Sidney W. Pink

Sidney W. Pink (March 16, 1916 – October 12, 2002) was an American movie producer and occasional director. He has been called the father of feature-length 3-D movies. He is also noted for producing early spaghetti westerns and low-budget science-fiction films, and for his role in actor Dustin Hoffman's transition from stage to screen.

Life and career

Sid Pink was born in Pittsburgh, Pennsylvania. After playing the film producer in his high school's production of Merton of the Movies, he realized this was the profession he would ultimately pursue, calling it his life's ambition.[1] He worked as a projectionist in a movie theater owned by his wife's family and earned a degree in business administration from the University of Pittsburgh.

In 1952, Pink produced Bwana Devil, a feature-length color film that was the first widely-shown 3-D film to use the polarized 3-D method rather than the red-and-blue-glasses anaglyph 3-D occasionally used for short films.
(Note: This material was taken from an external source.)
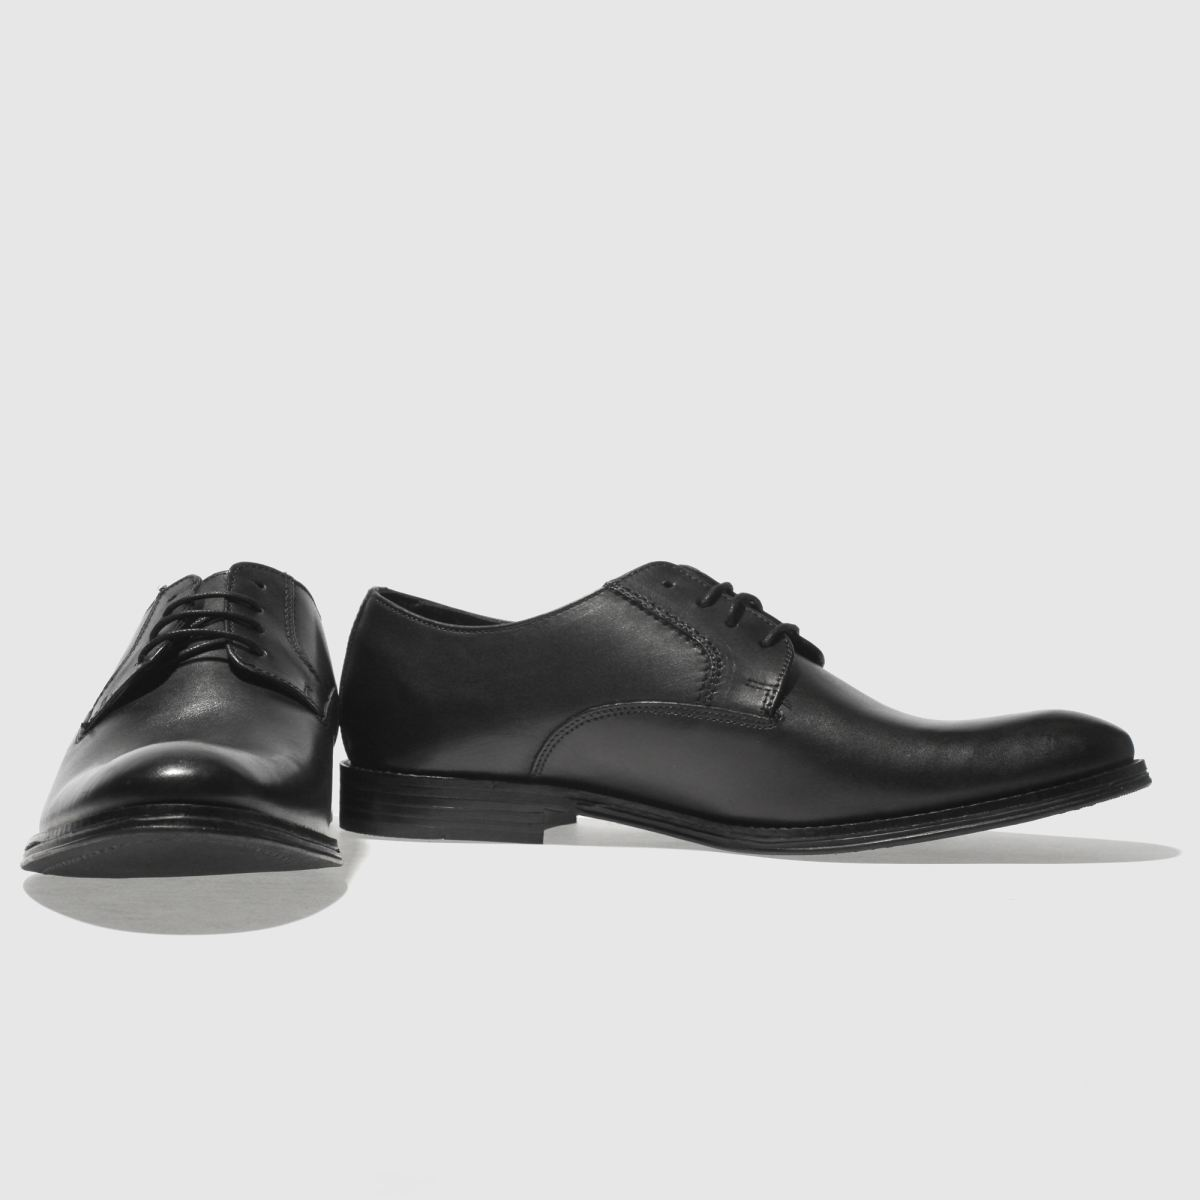 Herren Schwarz ikon Poster Pt Ii Schuhe | schuh Gute Qualität beliebte Schuhe

It was made using the Natural Vision system, which employed two separate but interlocked cameras and required two specially modified projectors. The film premiered in late November and started a brief but intense 3-D fad that peaked in mid-1953, faltered in the fall, rallied, then faded away almost completely during 1954.

In 1959, Pink produced The Angry Red Planet, using a new film processing technique he named CineMagic to create an unreal, otherworldly "Martian" effect in some sequences. In 1961, he supplied the original story for Reptilicus, a giant-monster-on-the-loose film he co-produced and co-directed in Denmark at Saga Studios.

In 1966, Pink discovered Dustin Hoffman in an off-Broadway stage production in New York City and cast him in the lead in Madigan's Millions, which was filmed in Italy and Spain. The film was not released until 1969, two years after Hoffman achieved stardom with his role in the 1967 film The Graduate.

In the early 1970s Pink owned a chain of movie theaters in Puerto Rico and Florida.

All told, Sid Pink produced a total of more than 50 films. He died in 2002 in Pompano Beach, Florida, following a long illness.

Partial filmography

References

  1. Pink, Sidney (1989). So You Want to Make Movies: My Life As an Independent Film Producer. Pineapple Press, Inc. p. 3. ISBN 0-910923-77-9.